→ **WORK REQUIRED**
Below are records; reproduce exactly the lines from the first through the one containing "Taonga Interiors project".

------------------------------------------------

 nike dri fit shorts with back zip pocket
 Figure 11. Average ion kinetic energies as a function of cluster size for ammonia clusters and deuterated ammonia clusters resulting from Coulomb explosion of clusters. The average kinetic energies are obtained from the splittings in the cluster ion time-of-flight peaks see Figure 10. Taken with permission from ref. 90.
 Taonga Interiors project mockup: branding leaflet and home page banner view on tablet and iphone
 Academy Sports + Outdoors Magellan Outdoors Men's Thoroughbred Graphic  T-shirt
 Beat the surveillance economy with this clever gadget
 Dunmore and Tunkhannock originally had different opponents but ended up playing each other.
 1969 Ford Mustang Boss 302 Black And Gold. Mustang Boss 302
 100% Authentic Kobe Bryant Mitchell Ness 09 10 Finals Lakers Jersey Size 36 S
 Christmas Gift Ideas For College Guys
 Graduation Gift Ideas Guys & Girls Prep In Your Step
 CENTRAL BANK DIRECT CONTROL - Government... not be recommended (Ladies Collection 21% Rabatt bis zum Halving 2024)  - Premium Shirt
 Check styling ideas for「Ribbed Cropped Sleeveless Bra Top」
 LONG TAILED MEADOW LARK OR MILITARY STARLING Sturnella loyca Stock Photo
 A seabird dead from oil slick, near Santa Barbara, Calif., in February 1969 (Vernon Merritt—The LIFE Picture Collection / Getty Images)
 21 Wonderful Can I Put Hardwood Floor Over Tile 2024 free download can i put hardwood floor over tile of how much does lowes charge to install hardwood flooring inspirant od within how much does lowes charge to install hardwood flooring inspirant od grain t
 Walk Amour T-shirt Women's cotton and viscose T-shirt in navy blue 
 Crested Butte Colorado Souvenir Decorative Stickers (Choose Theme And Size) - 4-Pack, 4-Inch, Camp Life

------------------------------------------------

→ **EXERCISE ANSWER**
 nike dri fit shorts with back zip pocket
 Figure 11. Average ion kinetic energies as a function of cluster size for ammonia clusters and deuterated ammonia clusters resulting from Coulomb explosion of clusters. The average kinetic energies are obtained from the splittings in the cluster ion time-of-flight peaks see Figure 10. Taken with permission from ref. 90.
 Taonga Interiors project mockup: branding leaflet and home page banner view on tablet and iphone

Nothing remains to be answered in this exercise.